根据邻人通报,屋内至少有20只猫,前门入口处有浓浓的猫尿味。屋内脏乱不堪——特别是楼下的盥洗室和楼上的浴室,马桶皆未冲水,地上丢满用过的肮脏卫生纸。楼下的两间房间里有人的粪便。数箱伏特加空瓶堆在厨房墙边。
厨房内的猫尿味尤其严重。猫沙盆中的沙散布在油布地板上,任猫恣意使用。RSPCA视察员表示他们前一次来访后,巴茨小姐同意在门上安装一个供猫出入的盖口,现在出入口却被一个小五斗柜挡住了。地板上有许多食盆和水碗,但全都是空的。
搜索厨房橱柜发现存粮不足,巴茨小姐的和猫的都不足。没有什么罐头或盒装食品,冰箱里有15品脱牛奶及一些生肉,多半是鸡肉。

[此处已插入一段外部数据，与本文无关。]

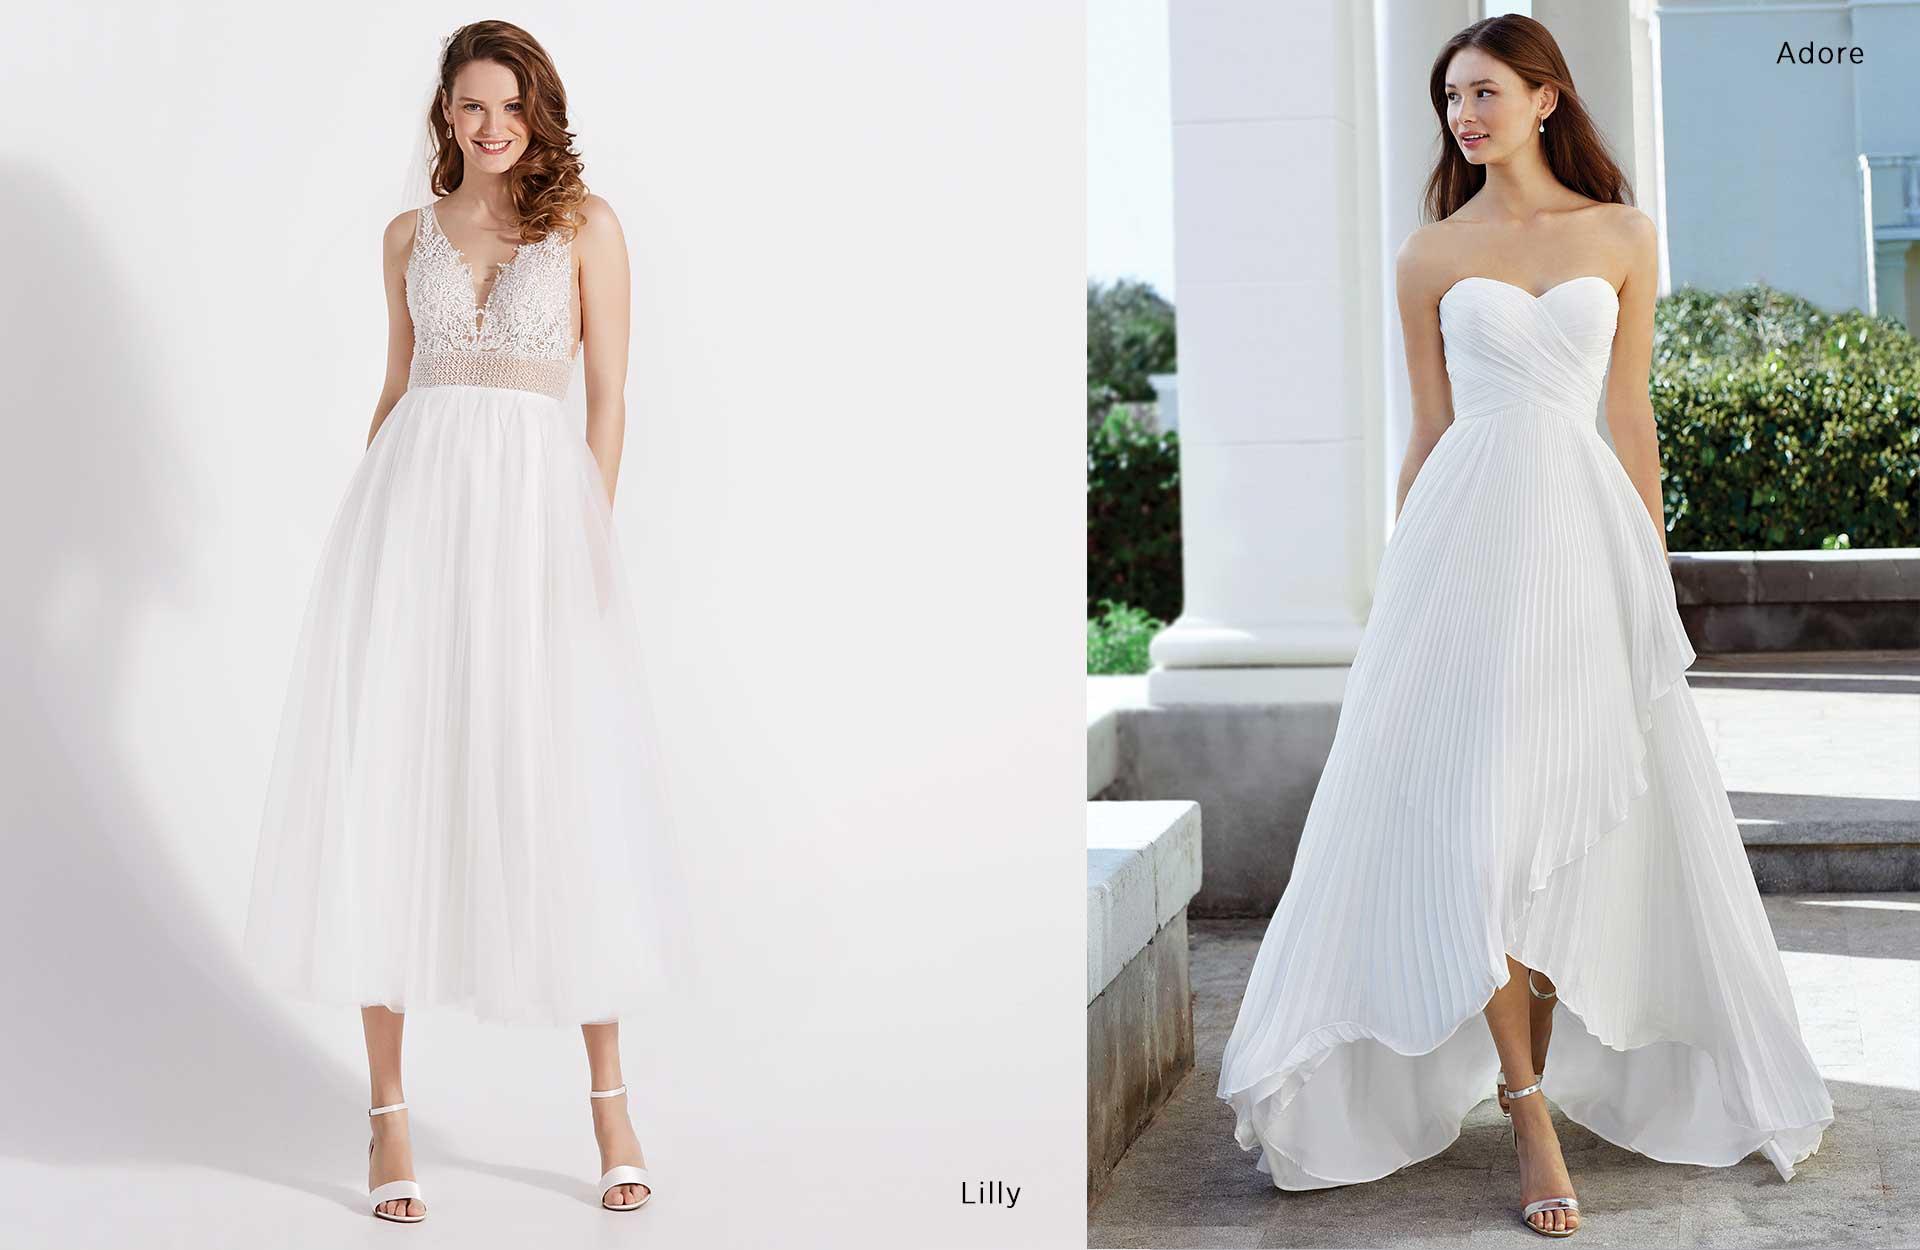 Bryllupstrender 9 og 10 - kort/lange kjoler og midikjoler

“特价品”标签显示巴茨小姐买的是廉价货,不过稍后在当地超市进行的调查发现,她大半会挑选“仓储”货以免费得到猫食。
楼下除了厨房和盥洗室外,还有两间房间,房门都开着。这些房间中也有猫的大小便,不过情况比厨房的轻微。前面的起居室中,在角落的一堆坐垫下埋有三只死猫。根据RSPCA视察员约翰·豪勒特的看法,三只猫都已死了至少四天。其中两只公猫——都是——脸上几乎不剩任何毛发,身上有严重的抓伤,看来是因打斗造成的伤未加治疗而死。第三只也是公猫,全身的毛大半脱落,致死原因是脖子被扭断。楼上巴茨小姐的卧室中,发现另外两只死公猫,以毛巾包裹放在衣橱里。两只猫都严重营养不良,毛发脱落,脖子同样被扭断。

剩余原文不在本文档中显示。